There is no way I can beat the brilliant headline The Financial Times produced to describe this exhibition.
‘Charlotte Perriand: The thrill of the chaise at the Design Museum.’
This is the first retrospective of her work in the UK for 25 years and it draws on her archives in Paris and sheds new light on her creative process.
I first came across Charlotte Perriand’s work when visiting Villa Savoye à Poissy, near Paris. This weekend retreat was the last in Le Corbusier’s white villa cycle, and perfectly encapsulates the Modernist architectural vocabulary. Known as a modernist manifesto and formulated by Le Corbusier in 1927 as the fundamental principles of the Modern movement: reinforced concrete for constructing the supporting piers, roof garden, open plan design, horizontal windows and free design of the façade – all applied in the design of the Villa Savoye.
The house has examples of the modernist metal tubular furniture that I, up until then, thought was the work of Corbusier, but now I find out was more than likely to be the work of Charlotte Perriand.
In 1928 Perriand, who at the time was working for Corbusier, designed three chairs from his principles that the chair was a “machine for sitting,” and that each of the three would accommodate different positions for different tasks. At his request, a chair was made for conversation: the B301 sling back chair; another for relaxation: the LC2 Grand Comfort Chair and the last and best known, for sleeping: the B306 chaise longue. The chairs had tubular steel frames. In the prototype models, the steel was painted; in production the steel tubes were nickel- or chromium-plated. Examples of these designs including the full scale drawings by Perriand, are on show at this new exhibition.
Perriand was born in 24 October 1903 and died in 1999. She was a French architect and designer. Her work aimed to create functional living spaces in the belief that better design helps in creating a better society.
In the mid 1930s Perriand’s design ethos turned away from the machine aesthetic and her work took on a more organic form as she photographed elements of nature and designed free form tables. During the second world war, Perriand spent two years in Japan where she gave advice to the government on how they could modernize their traditional crafts.
Being a designer in post war Europe was an exciting time to be involved in the reconstruction and modernisation that was going on. Perriand designed interiors for student dormitories in Paris and Air France offices around the world; but her crowning achievement was the Ski resort of Les Arcs. This is where she brought to fruition her vision of design, architecture and landscaping coming together as an integrated whole. She collaborated with architect Gaston Regairaz and many engineers including Jean Prouvé, but it was Perriand who took the creative lead. She had already worked on two previous ski resorts during the 1950s and 60s. Les Arcs was on a much larger scale. Accommodating 30,000 people, it was built at three different altitudes, 1600, 1800, 2000 meters. Work began in 1967 and took more than twenty years to complete.

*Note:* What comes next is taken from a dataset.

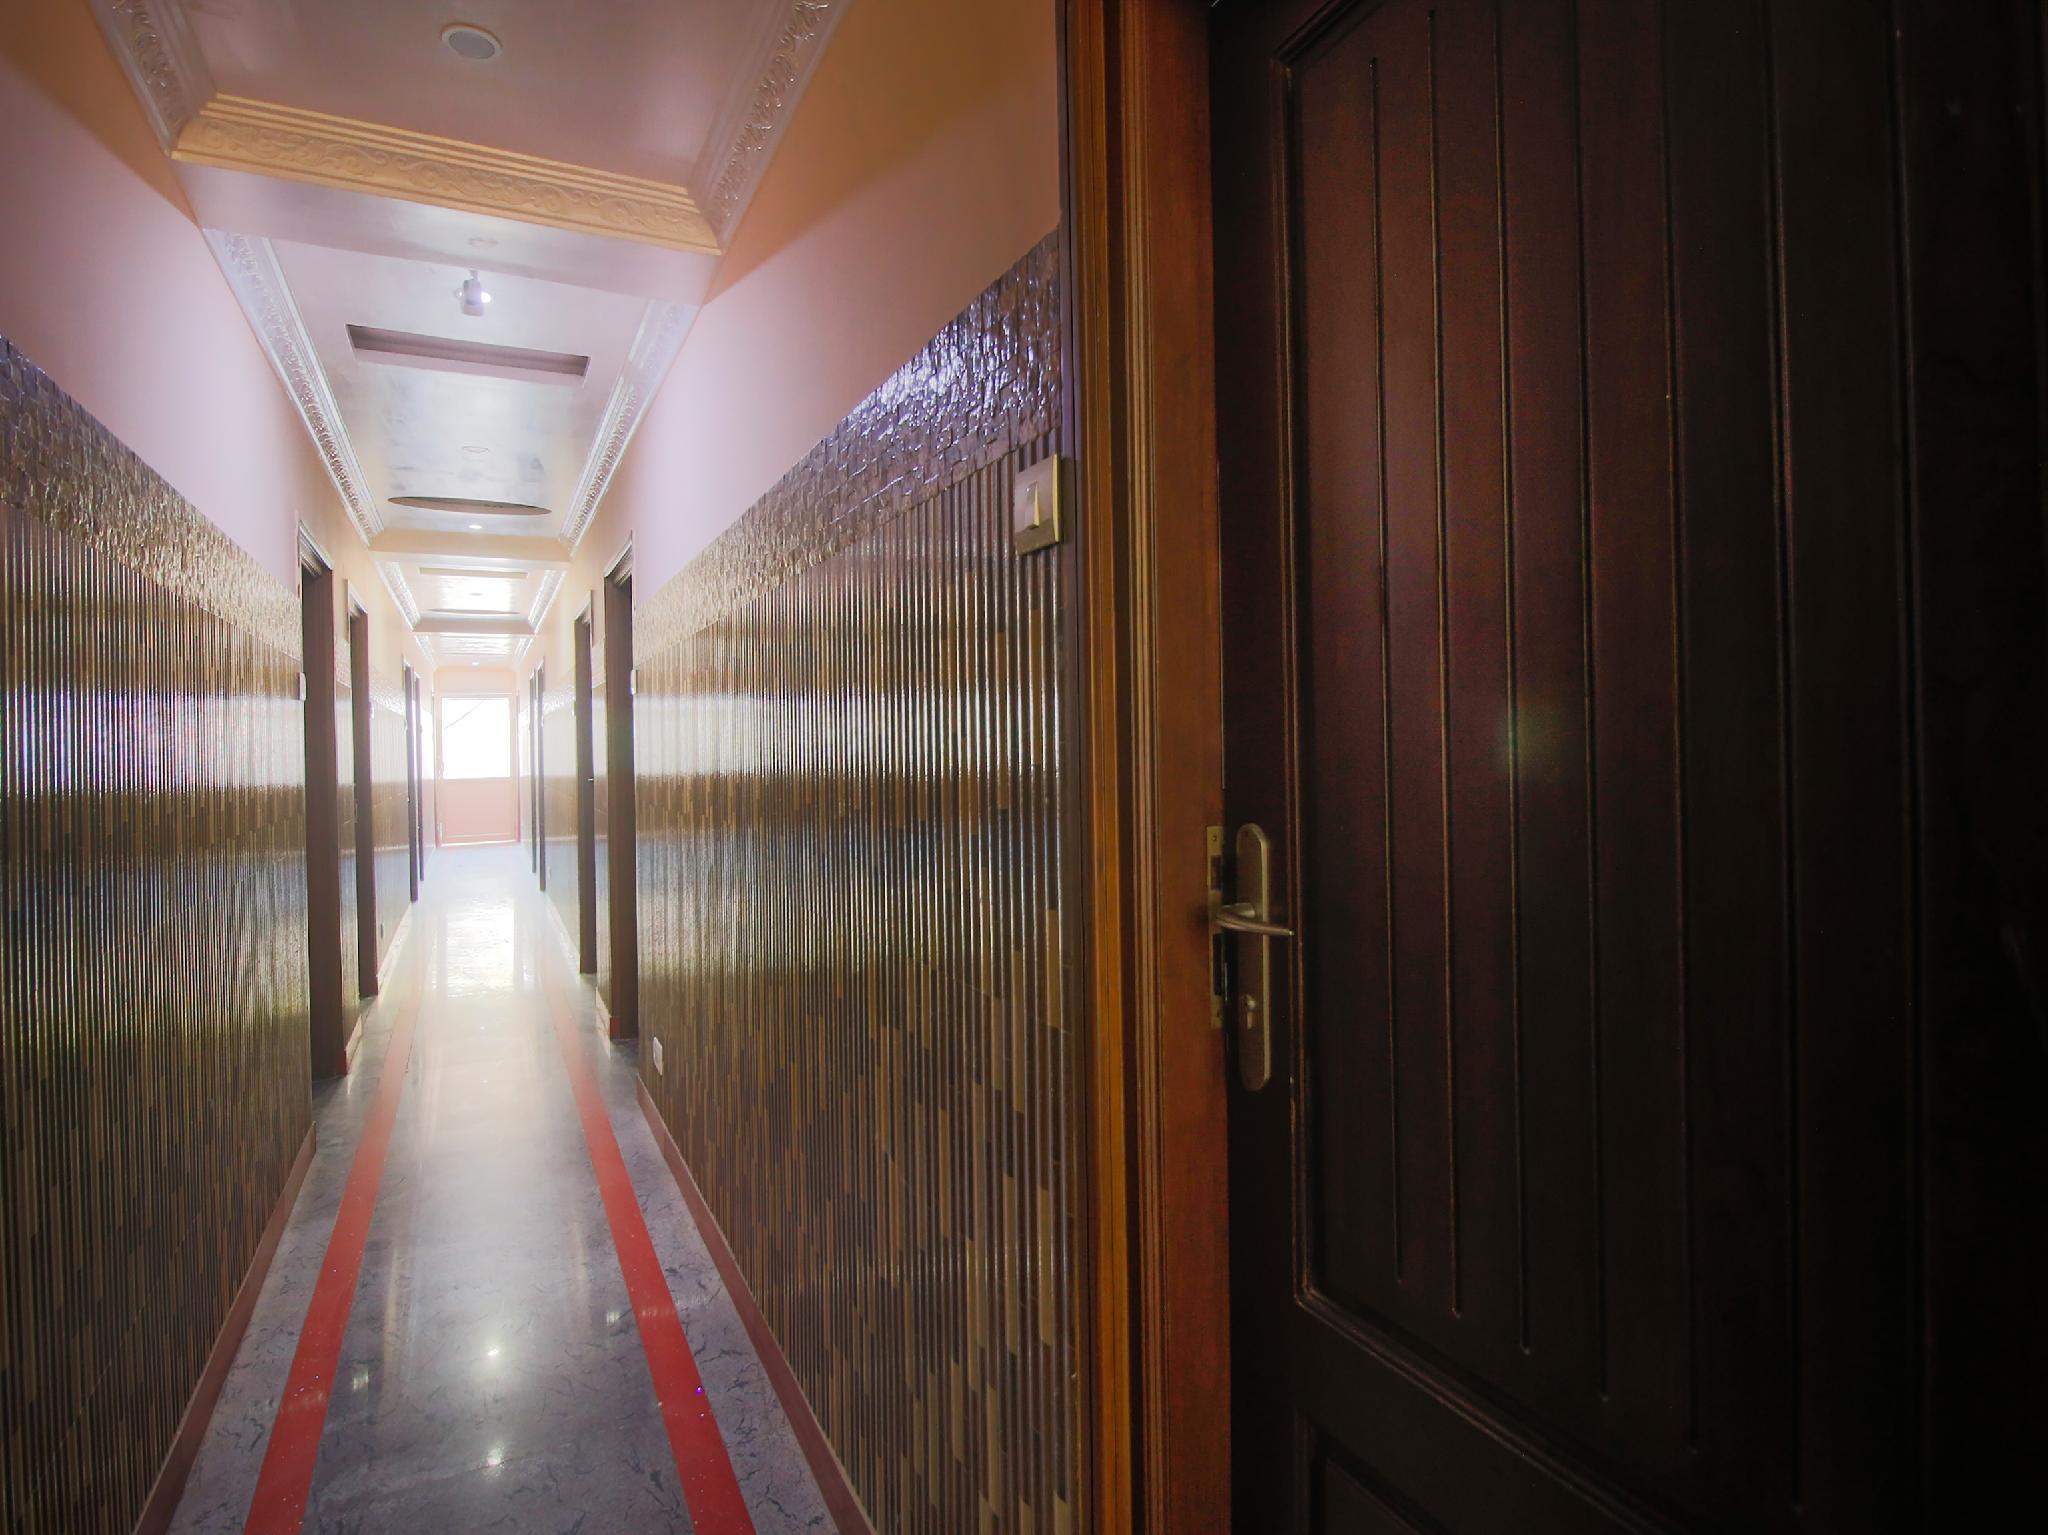 OYO 35975 Npk Residency, Tirunelveli

At the heart of Perriand’s nearly seventy year career was a desire to balance contrasting elements of craftsmanship industrial production, urban and rural, East and West. Influenced by the sense of space in traditional Japanese interiors, she sought the openness and flexibility in her own –qualities that came to define modern living. Many of the ideas that we take for granted today, such as open plan living, shelving room dividers and paper lanterns, originated from her. They still look fresh and modern today yet many originated in the late nineteen twenties. This is an excellent exhibition well worth seeing.